Жерардин Суэйн: Да, думаю, это музыка настоящего времени. Мы продолжаем путешествие. Макс принес в группу много нового, Пьер… каждая новая личность в группе ее обогащает. Идет постоянная аккомодация новых участников, мы приноравливаемся к их манере поведения, иногда бывает странно, но чаще всего – классно. Кто-то вносит долю серьезности, кто-то – юмора. И это всё движет нас дальше, потому что нет никакого священного алтаря, незыблемых устоев группы Faust, наш концерт – не способ поклонения авангарду, что бы под ним ни подразумевали. Выступления не входят для нас в привычку. На сцене никто не знает наперед, что произойдет. Это постоянное общение друг с другом.
П.: Она отметила очень важный аспект. Принцип Faust всегда был таков – когда мы где-то играем, приезжаем в новое место, мы не стараемся контролировать ситуацию, изменять ее под себя. Мы принимаем всё как есть и работаем с этим. В составе Faust никто никогда не скажет – ох, в этом зале плохая акустика. В любом зале акустика есть. Она может быть плохой, хорошей, мерзкой, но как бы не звучал зал, он в любом случае звучит. Мы никогда не стараемся воевать с этим звучанием. Мы работаем с ним заодно.

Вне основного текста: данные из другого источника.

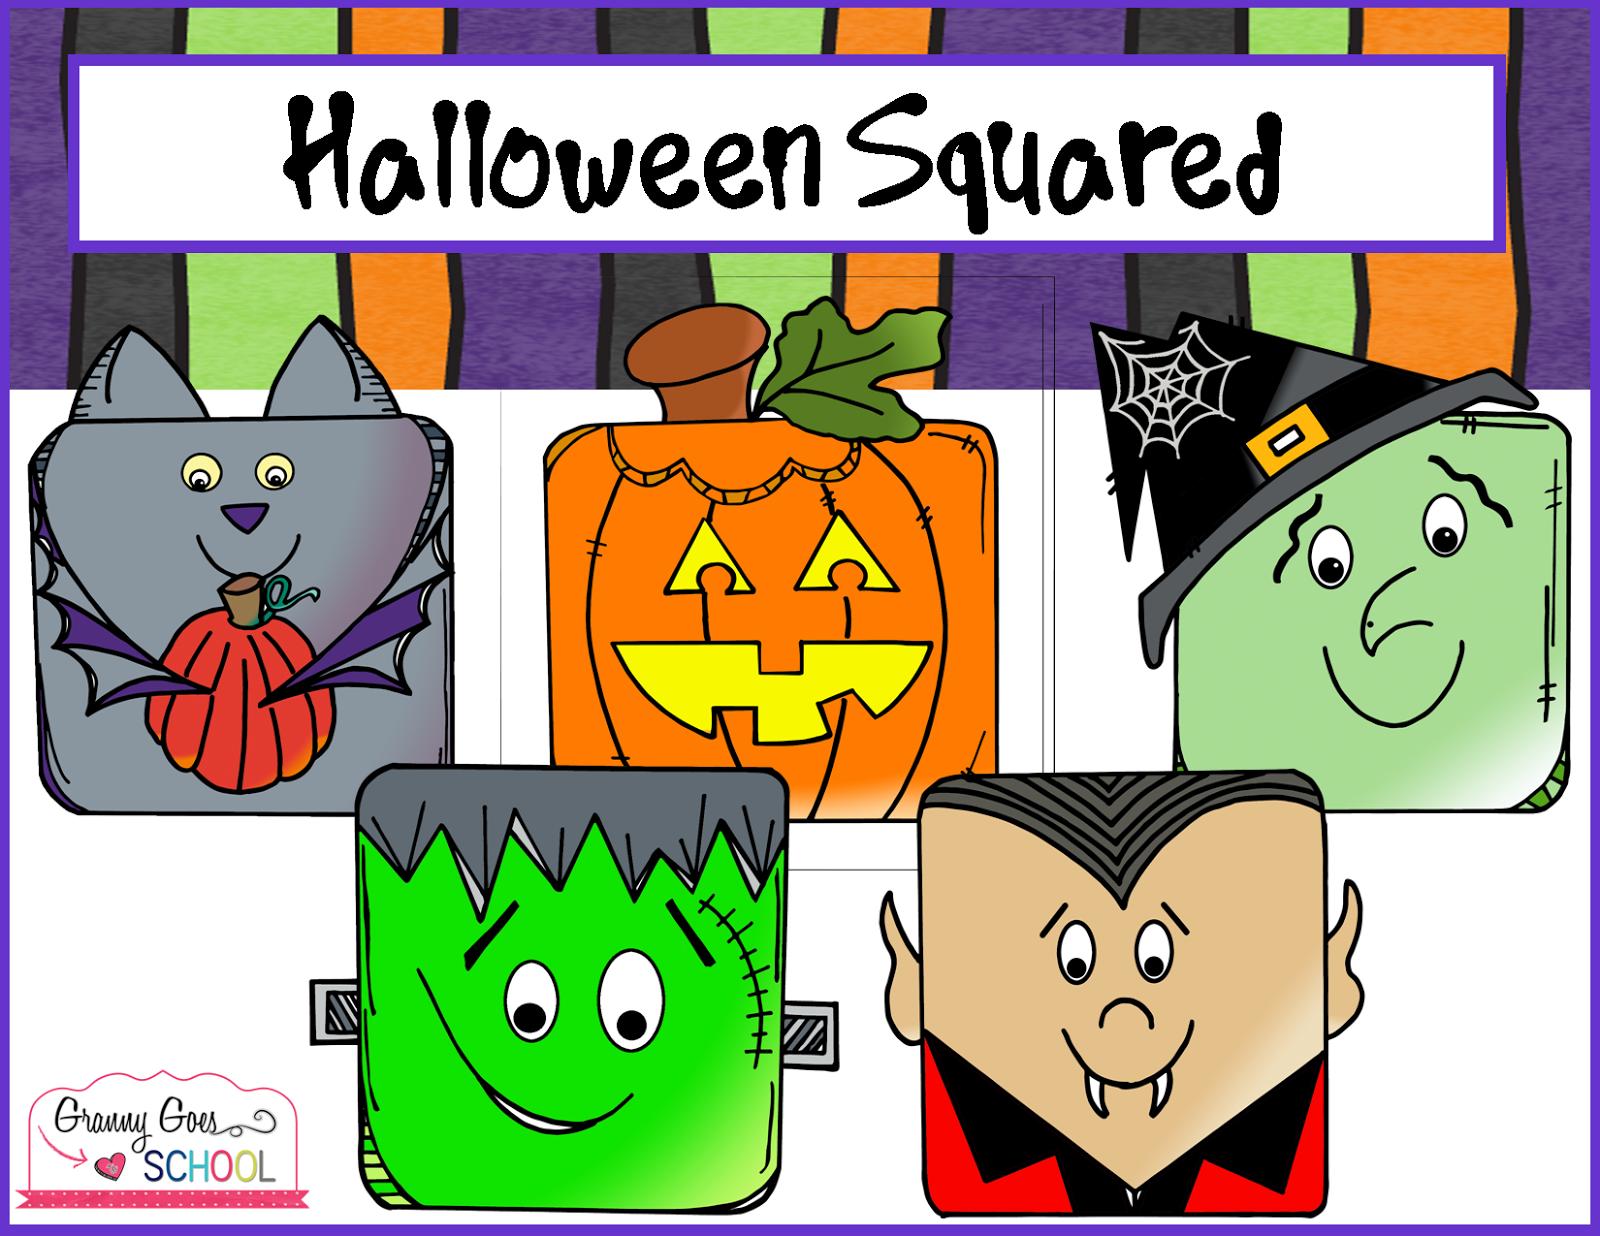 http://grannygoestoschool.blogspot.com/2014/09/halloween-blockheads-clip-art-freebie.html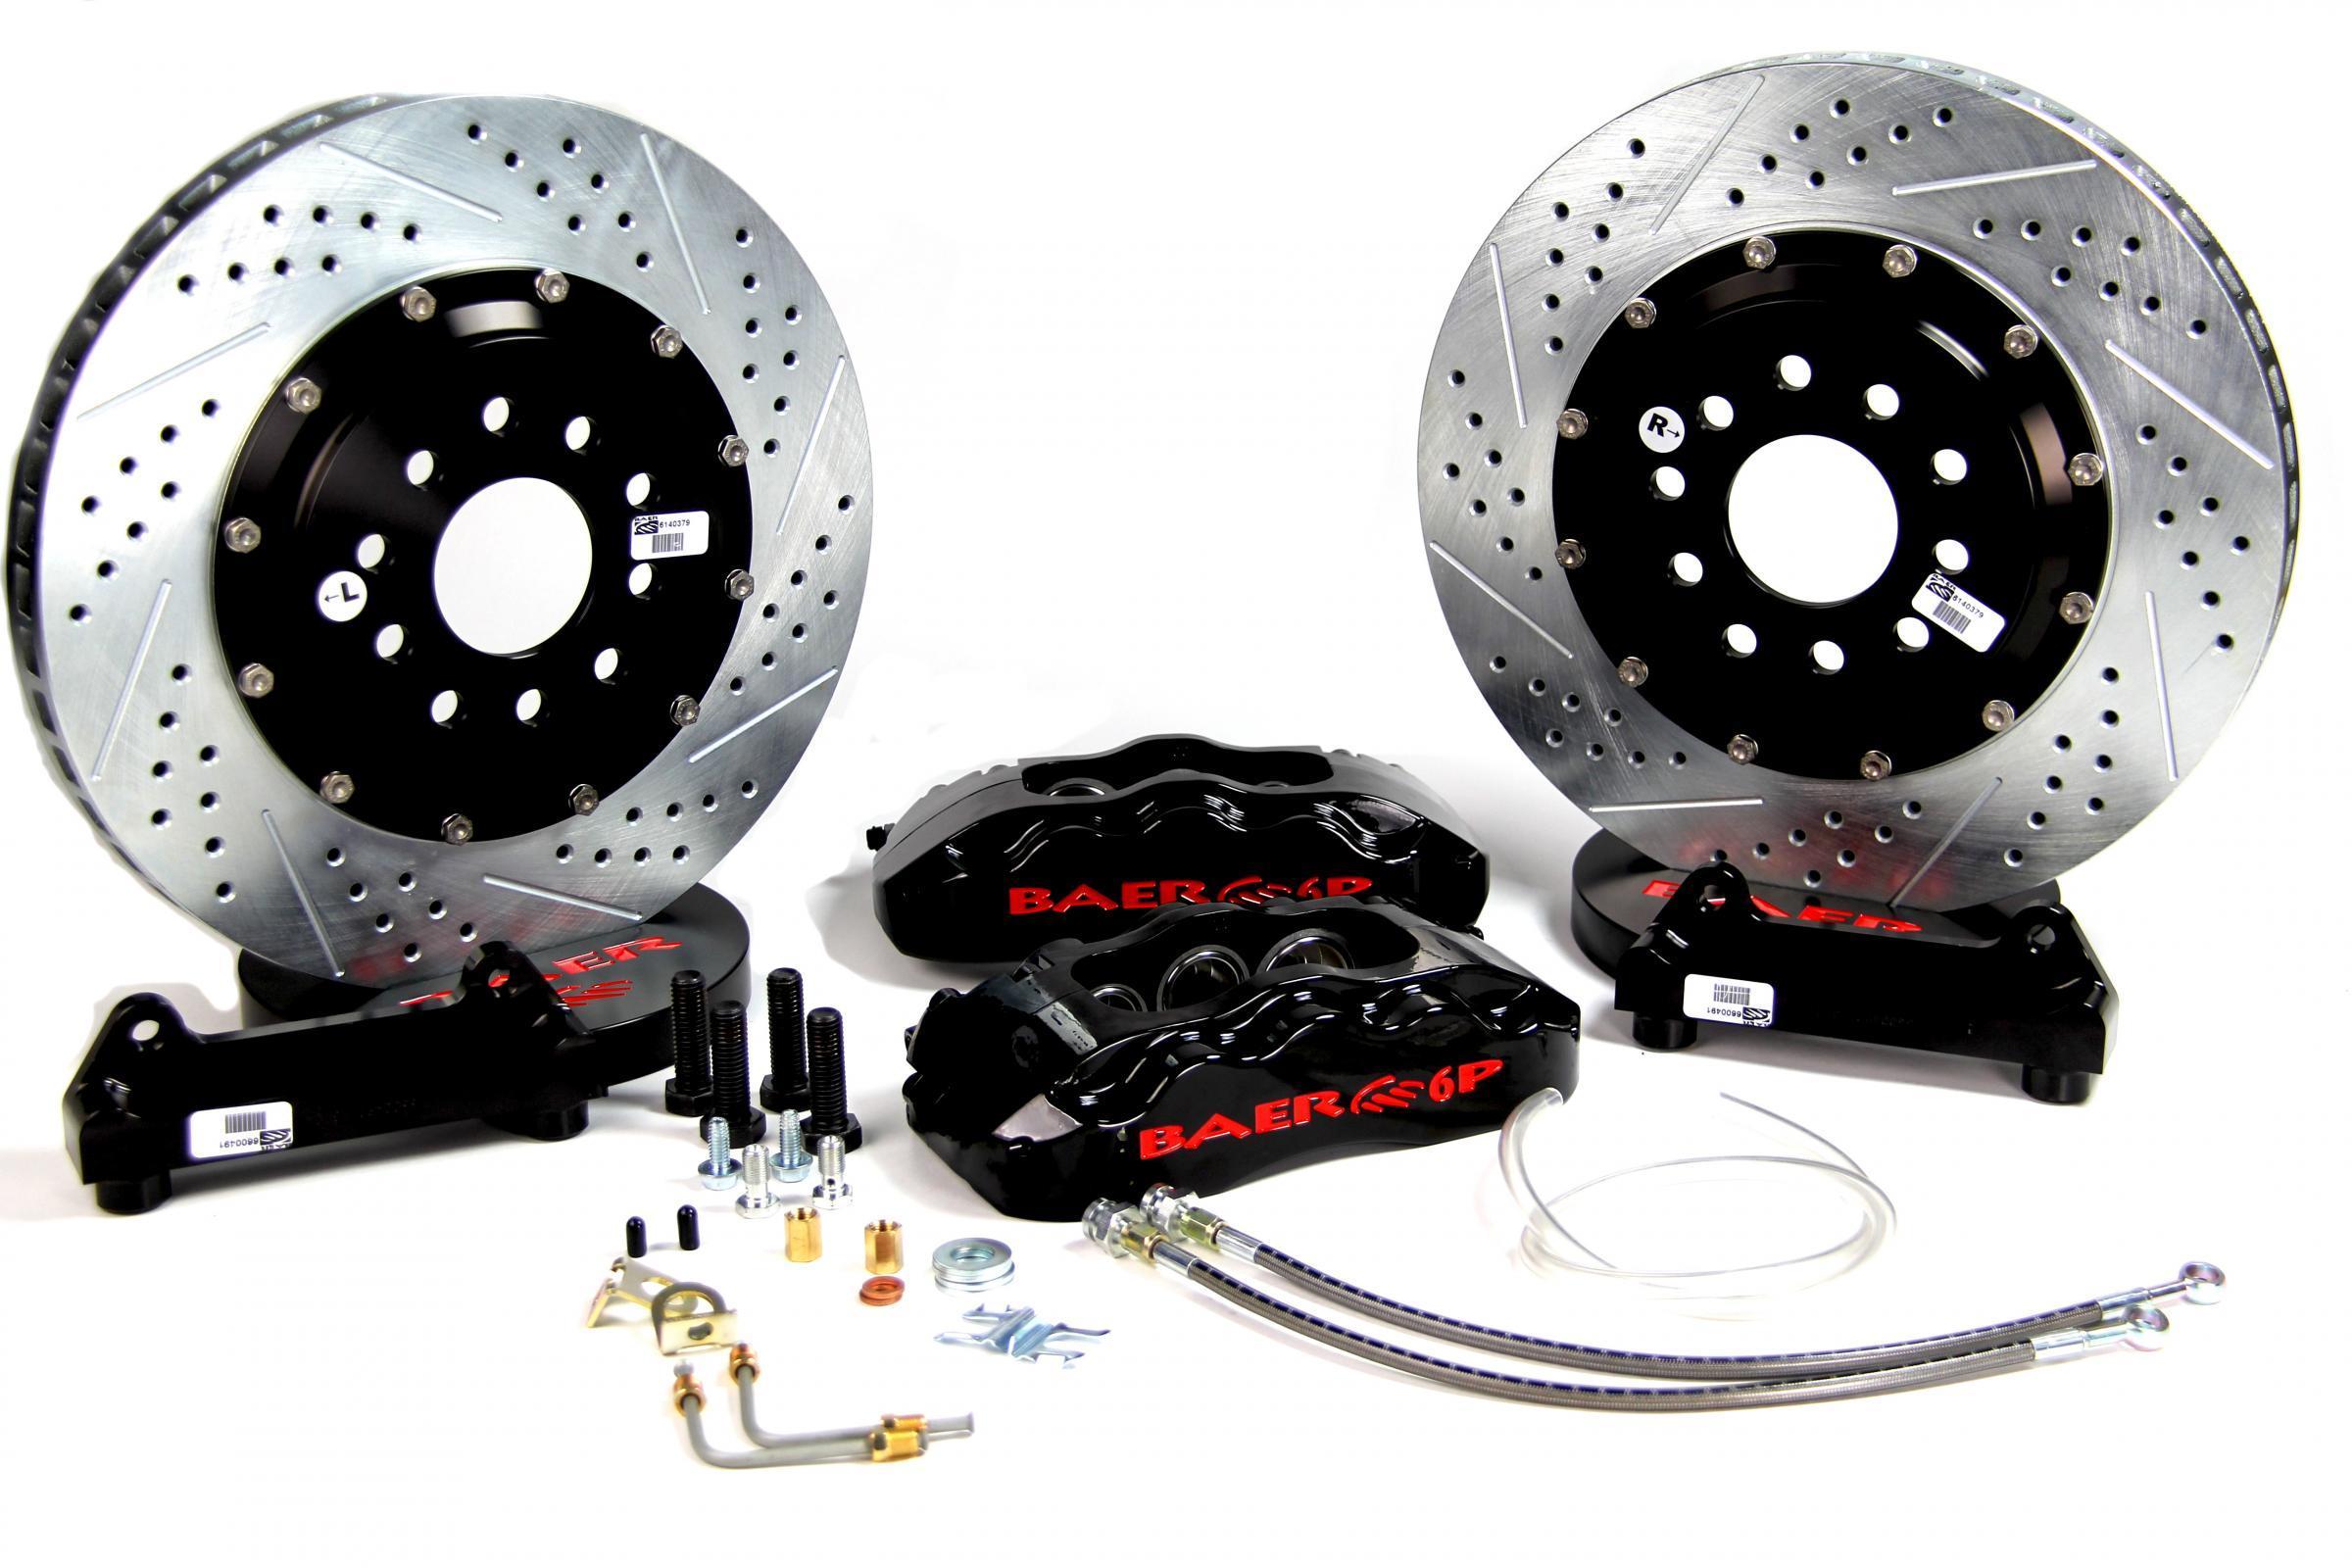 Baer Brakes 4301352B Brake System, Pro Plus, Front, 6 Piston Caliper, 14 in Drilled / Slotted, 2 Piece Rotor, Aluminum, Black, GM F-Body 1967-81, Kit

Очень важное значение для Faust имеет шанс, возможность – если в ней заложен риск. Если окажется, что перед нами препятствие, мы не будем говорить – мол, у нас есть Программа, и мы ей будем следовать, невзирая ни на что. Нет, у нас есть идеи, но нет программы. Мы никогда не составляем сет-лист заранее. Он всегда появляется непосредственно перед выходом на сцену. Мы собираемся в круг, каждый подкидывает идеи, мы собираем их вместе и составляем план. Это может быть рисование картин, разговоры, что угодно.
То, каким будет концерт, зависит от всего сразу. Люди, которых я встретил перед концертом, те, кого вижу в зале, аппаратура, техники, дорога до места, предыдущие концерты, то, какого размера зал, чем он пахнет… (Улыбается.)
Ж.: Мы как-то составляли сет-лист под впечатлением от дорожной аварии, в которую попали по пути в Рим. Или от рождения ребенка. Или от чьей-то смерти, катастрофы. Каждое событие дает концерту свою окраску. И это очень напряженный процесс – почти как в семье. Очень напряженное всматривание в самого себя на определенном уровне. Ты видел наш концерт – мы никогда не красуемся на сцене, никто не старается выглядеть круто просто так. Это всегда трудный эксперимент – во всяком случае, для меня.
Значит, в вашей музыке прежде всего важна импровизация? Или всё-таки многое сочиняется заранее?
Макс Манах: Это похоже на дадаистскую [подготовленную] импровизацию. Я знаю музыку Faust многие годы… И мы играем те же самые песни, но каждый раз «живьем» они превращаются во что-то иное. Это прекрасный момент, когда все собираются перед концертом за столом и обсуждают идеи, что-то новое рождается здесь и сейчас.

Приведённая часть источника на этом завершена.